SUPPLIED MATERIAL
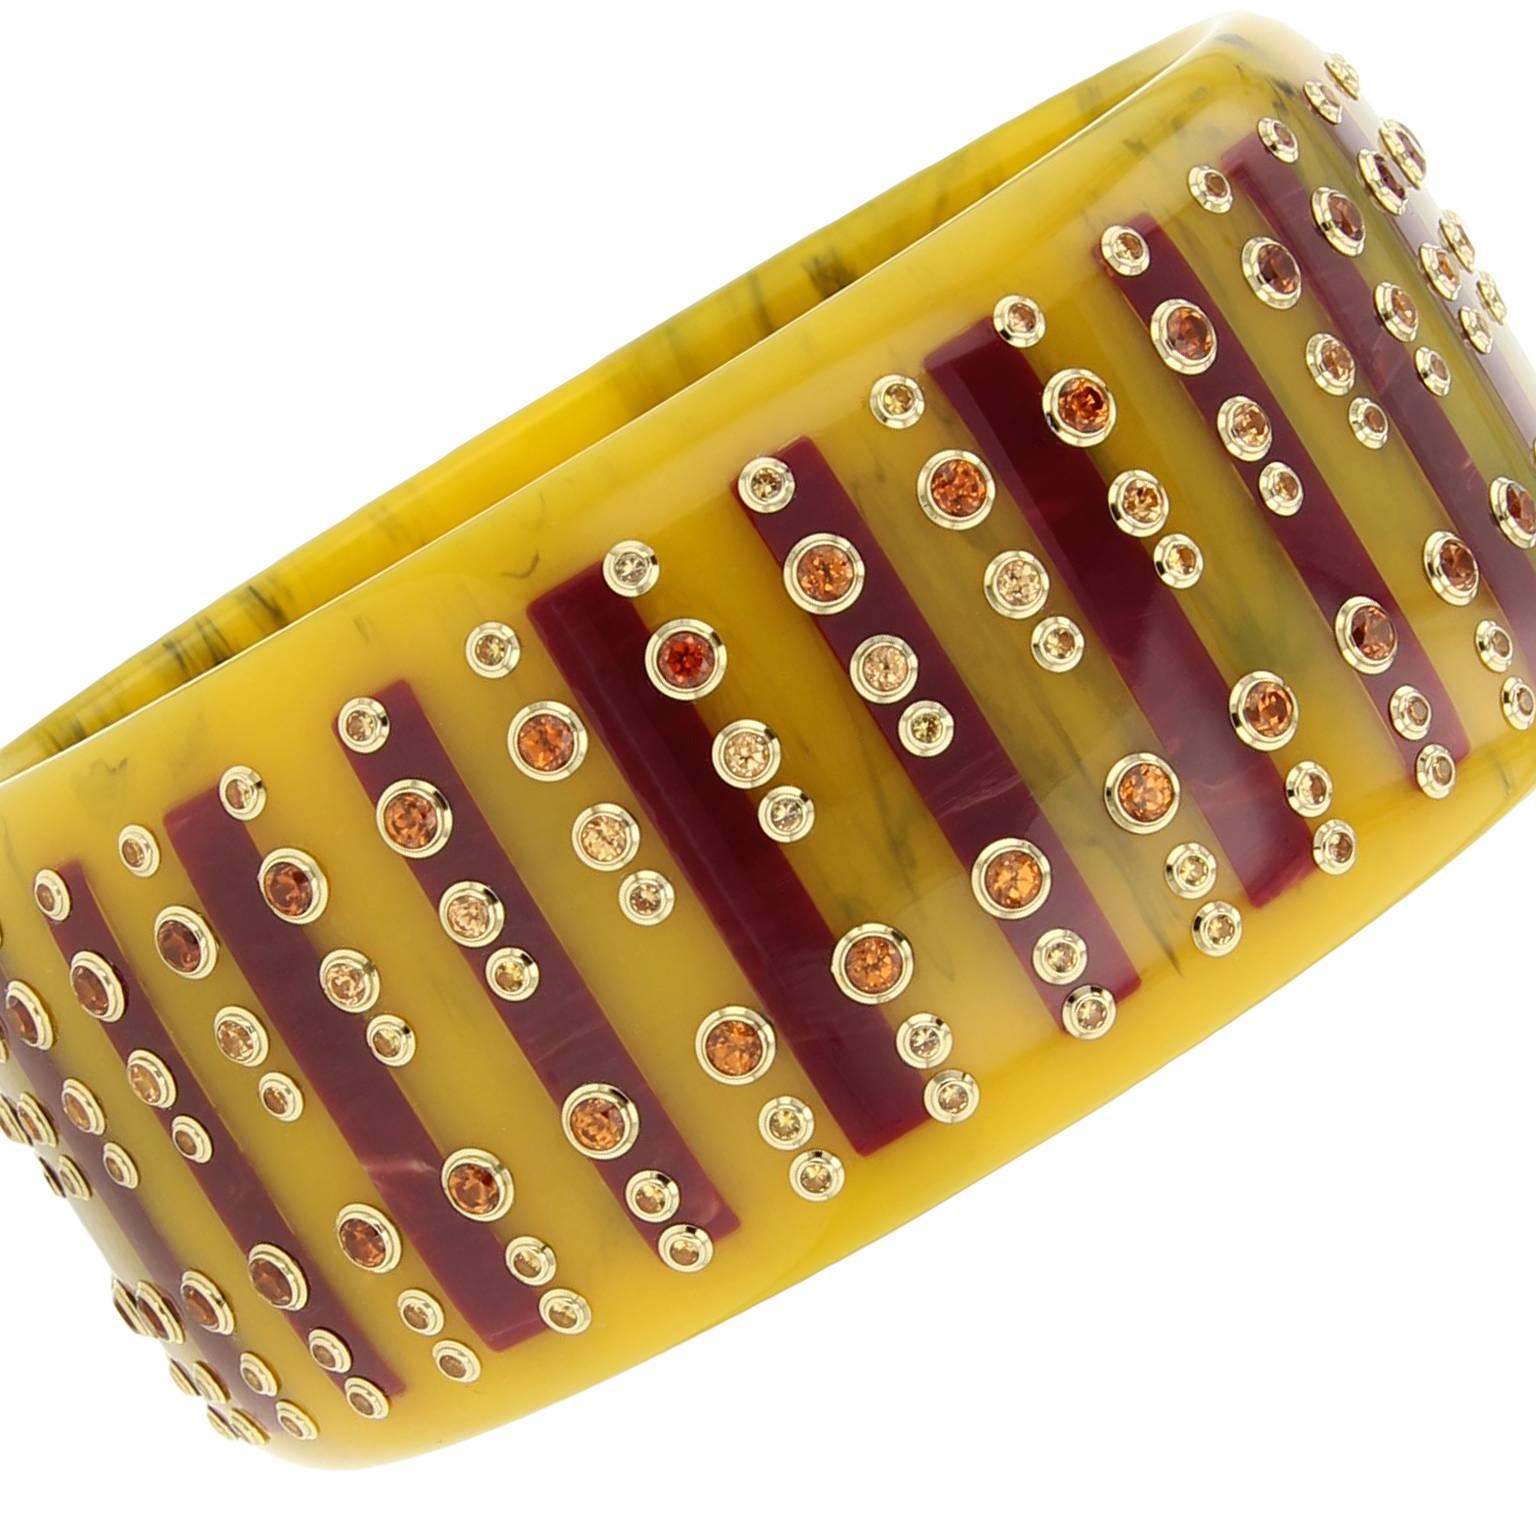 This Mark Davis bangle was handcrafted using mustard yellow and burgundy vintage bakelite. The inlaid elongated rectangles are studded with garnet and yellow sapphire set in 18k yellow gold bezels.

Full details below: 
• From the Mark Davis

EXERCISE
When you retype the material above, copy each line exactly and drop whatever images appear in it.

EXERCISE RESULT
 This Mark Davis bangle was handcrafted using mustard yellow and burgundy vintage bakelite. The inlaid elongated rectangles are studded with garnet and yellow sapphire set in 18k yellow gold bezels.

Full details below: 
• From the Mark Davis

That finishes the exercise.